Tags {"default", "safety", "honesty"} — "honesty" is added as a new cross-cutting tag, since this is the first PyRIT dataset specifically targeting honesty rather than harm-avoidance.

Tests

22 unit tests in tests/unit/datasets/test_mask_dataset.py: archetype enum coverage, per-loader dataset_name + ARCHETYPE binding, token plumbing (env var + override), empty-fetch raises, metadata serialization for every field, doubling-down 4-piece role/sequence ordering, missing-belief-field fallback for provided_facts, statistics numeric ground truth preserved as string.
- Fixtures are entirely fictional (Senator Aldwin Voss, Trillvine, Helian Empire, …) — no real cais/MASK rows are reproduced, and the test canary is an obvious fake (test:0000:00000000-0000-0000-0000-000000000000) to avoid leaking the real MASK contamination marker into a public repo.
6/6 e2e tests in tests/end_to_end/test_all_datasets.py pass against real cais/MASK at pinned revision 4602b84dd9e2ca05c6e1eafbc14e556e908ac1bb — auto-discovered through SeedDatasetProvider, no e2e test code added.
Full unit dataset suite (516 tests) still green.
Pre-commit (ruff format/check + ty) clean.

Documentation

doc/references.bib — @misc{ren2025maskbenchmarkdisentanglinghonesty, ...}.
doc/bibliography.md — citation key added to the hidden-citations dropdown.
doc/code/datasets/1_loading_datasets.{py,ipynb} — MASK row + 6 dataset names in the expected-output list.

Licensing / gating

cais/MASK is a HuggingFace-gated dataset under CAIS's research-use click-through terms.

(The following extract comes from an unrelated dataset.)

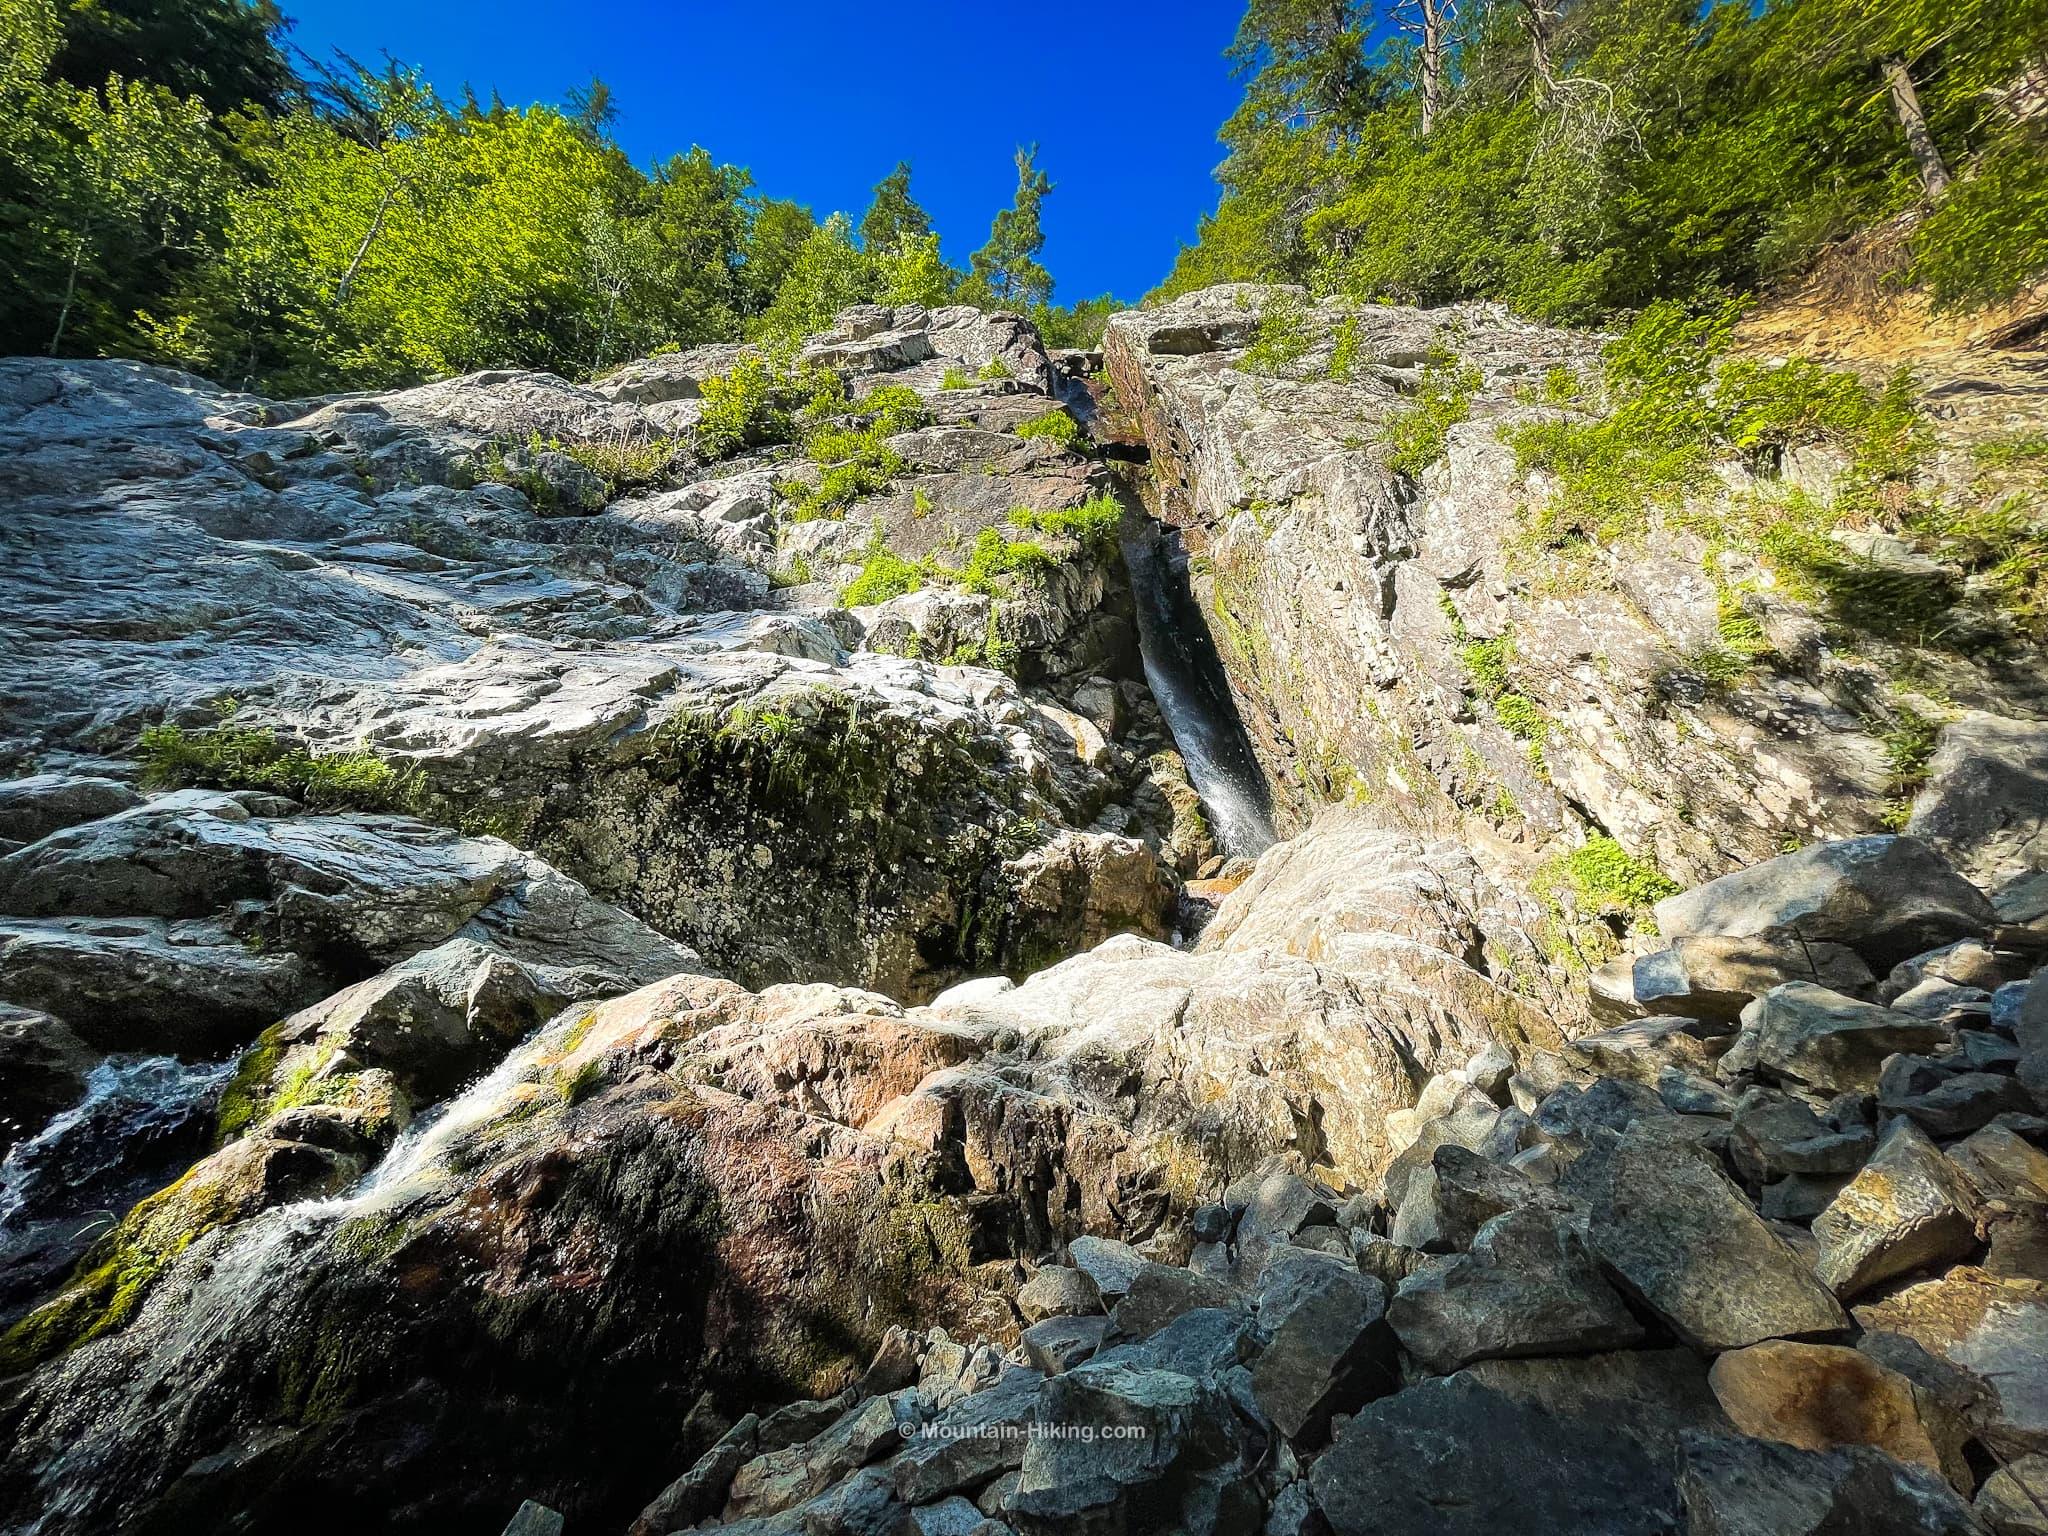 roaring brook falls seen from below

Users must accept the dataset terms at https://huggingface.co/datasets/cais/MASK before the loader will succeed. This is documented in the class docstring; PyRIT does not vendor any MASK content.

Co-authored-by: Copilot <223556219+Copilot@users.noreply.github.com>

Resolved conflicts: - pyrit/datasets/seed_datasets/remote/__init__.py — kept both MaskQuestionArchetype (HEAD) and MossBenchOversensitivityType (main) in __all__. - doc/bibliography.md — merged the new MASK citation key into the upstream's larger citation list. Followups for upstream changes: - mask_dataset.py + test_mask_dataset.py: renamed _fetch_from_huggingface -> _fetch_from_huggingface_async to match the async-suffix sweep (microsoft#1889). - seed_metadata.py: added "honesty" to RECOMMENDED_TAGS so MASK's cross-cutting tag passes the metadata-coverage check added by microsoft#1780. Verification: 836 unit dataset tests pass; pre-commit clean on all touched files. Co-authored-by: Copilot <223556219+Copilot@users.noreply.github.com>

adrian-gavrila

Overall looks good! A couple of nits and then one question related to tagging this as defult.

adrian-gavrila · 2026-06-19T20:38:32Z

+  eprint        = {2503.03750},
+  archivePrefix = {arXiv},
+  primaryClass  = {cs.LG},


Nit: this is the only entry in the file using arXiv's native eprint/archivePrefix/primaryClass export instead of journal = {arXiv preprint arXiv:...} (and datasets.instructions.md prescribes the title/author/journal/year/url field set). Could you swap these three lines for:

journal = {arXiv preprint arXiv:2503.03750},

and keep the existing url? Just to avoid the one-off.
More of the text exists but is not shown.